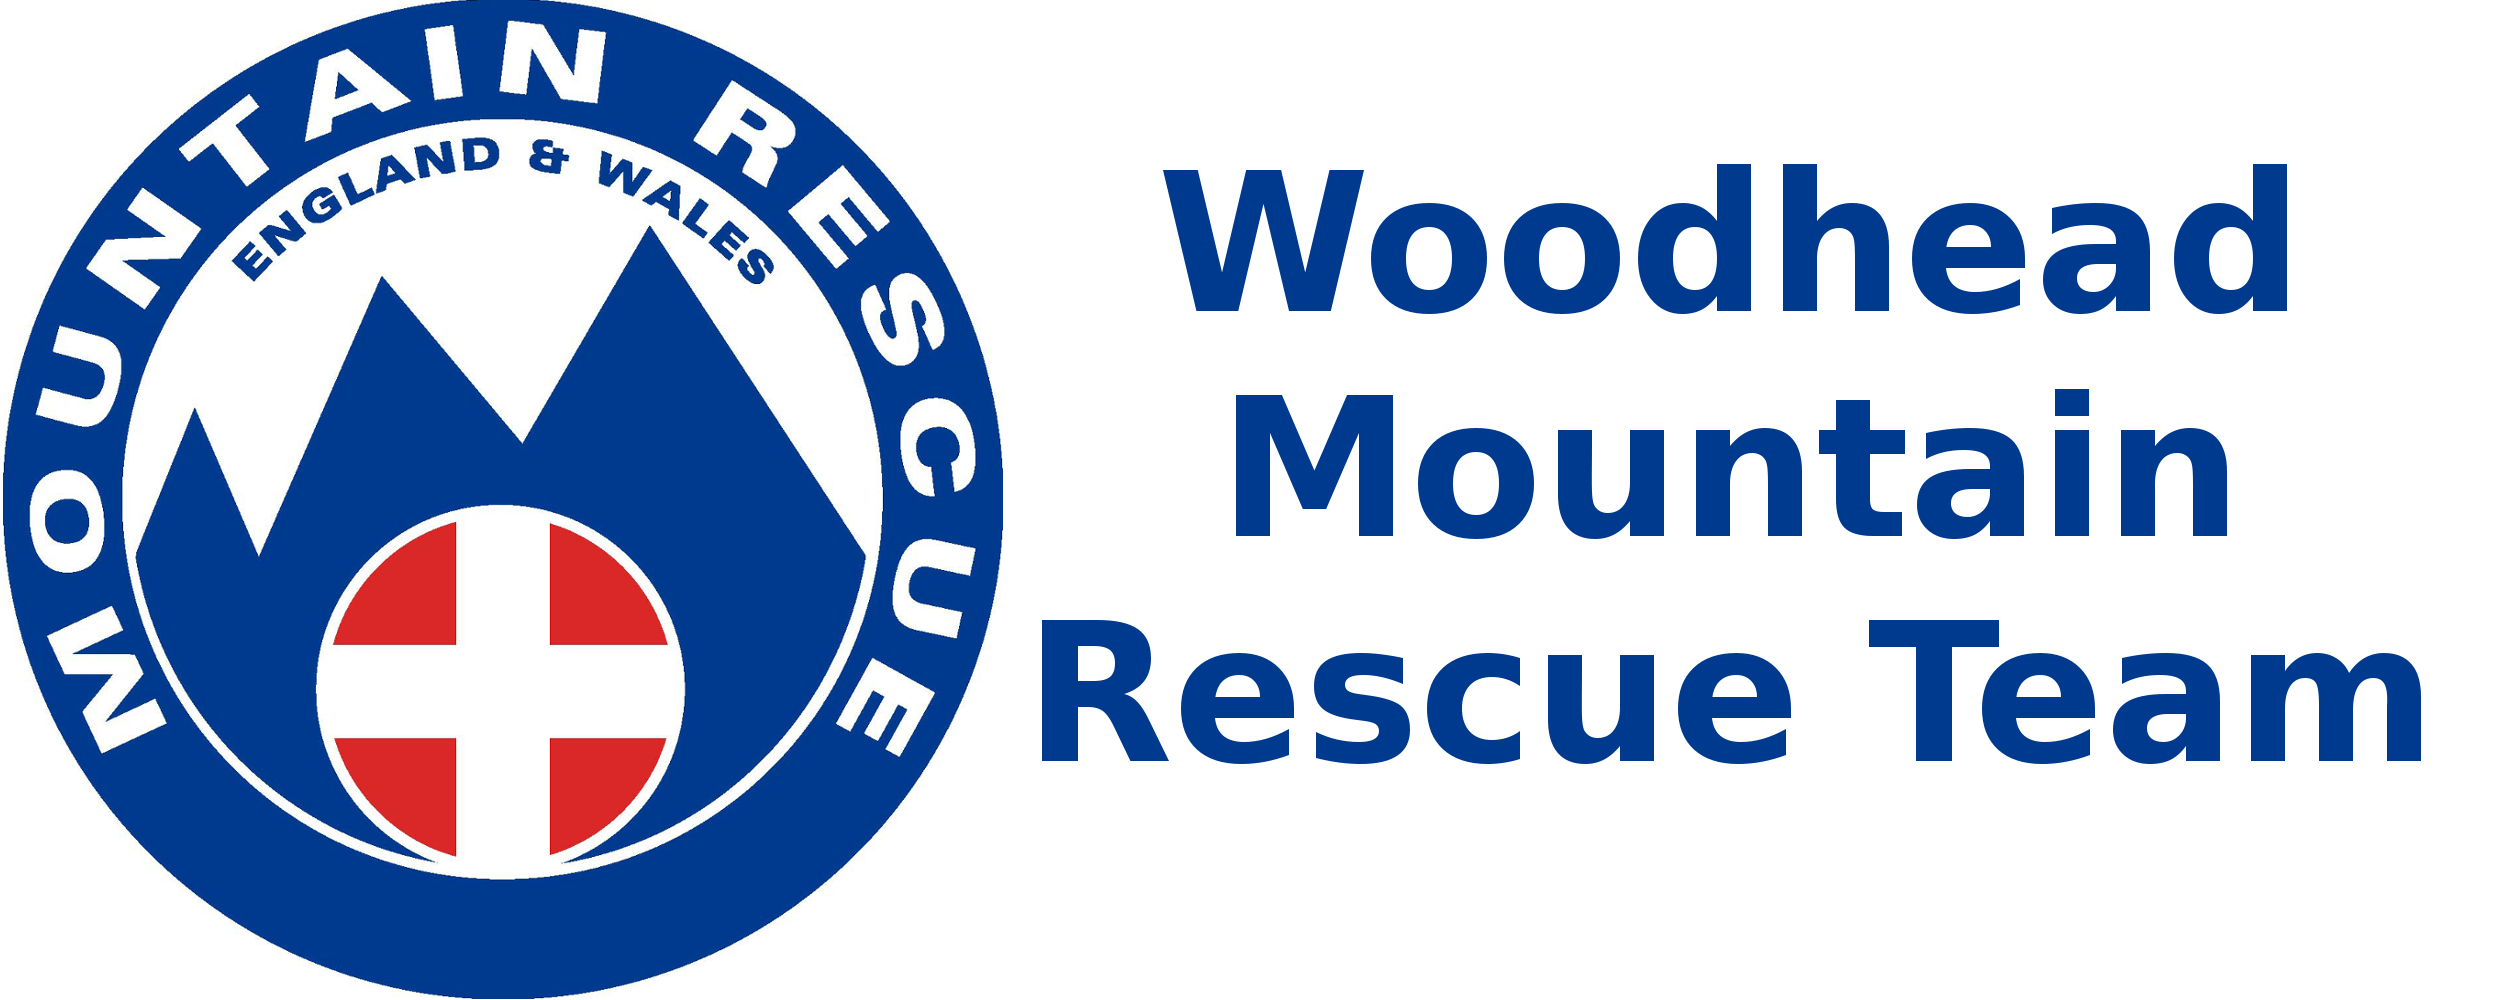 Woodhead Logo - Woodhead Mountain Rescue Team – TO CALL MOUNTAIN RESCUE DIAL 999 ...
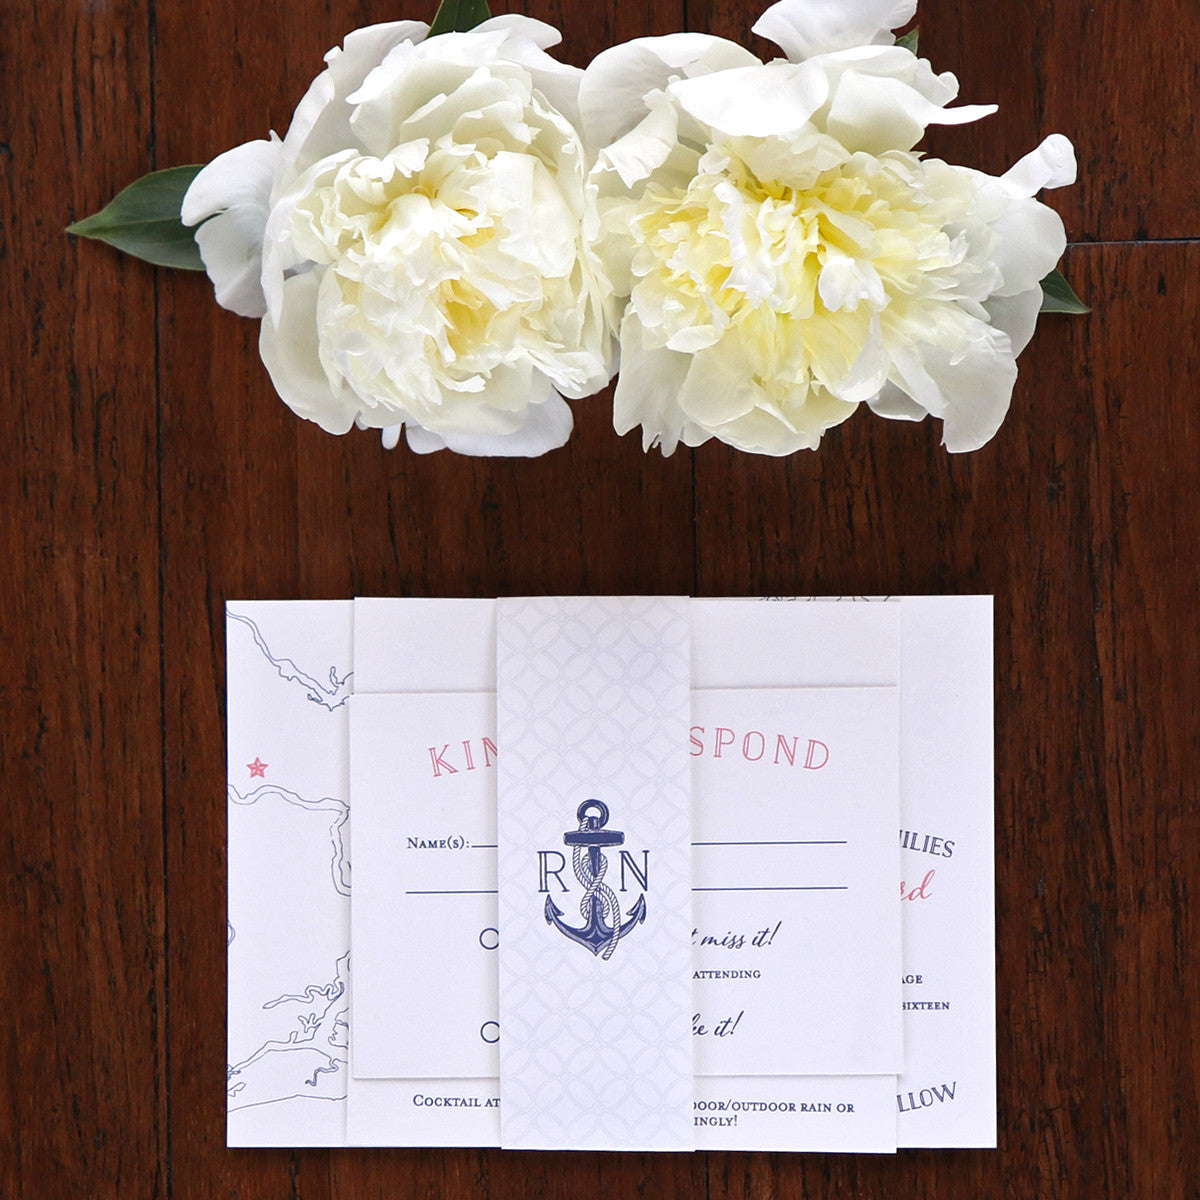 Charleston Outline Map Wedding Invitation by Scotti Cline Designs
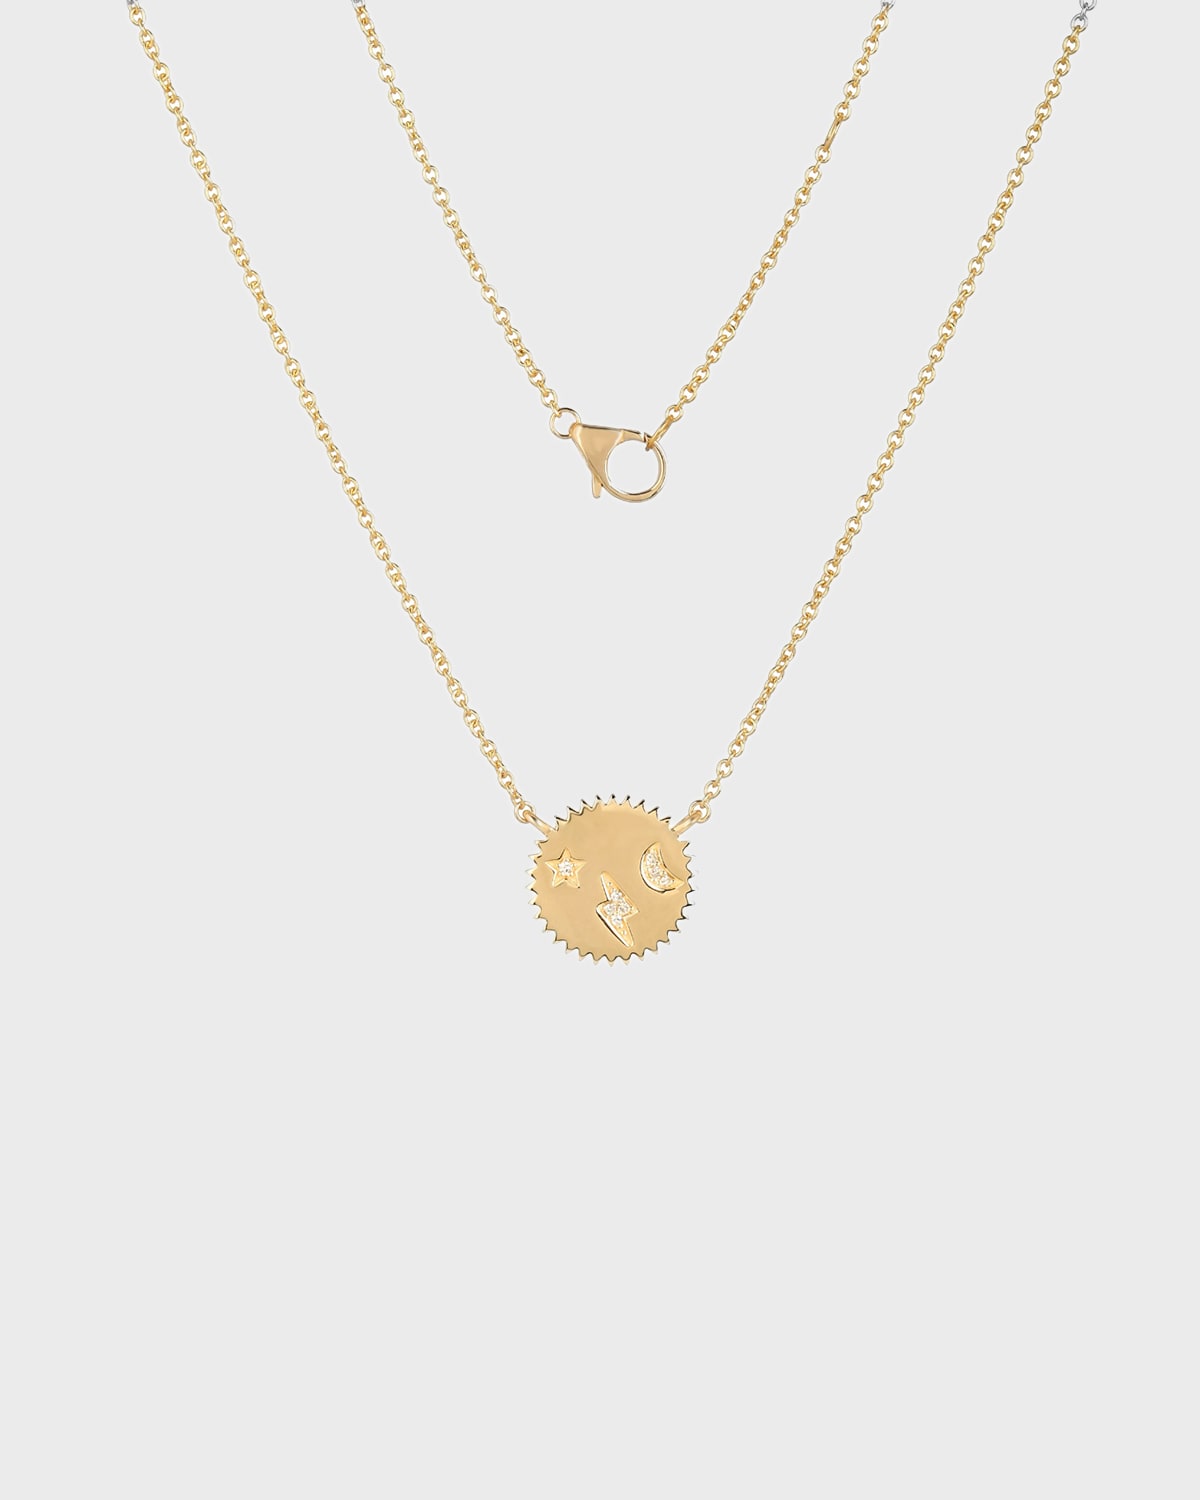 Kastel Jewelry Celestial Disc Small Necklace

------------------------------------------------

__Assignment__: The copy must begin with the line containing "Charleston Outline Map", end with the last line of the material, match each line exactly, and hold no pictures.

__Answer for this exercise__:
 Charleston Outline Map Wedding Invitation by Scotti Cline Designs
 Kastel Jewelry Celestial Disc Small Necklace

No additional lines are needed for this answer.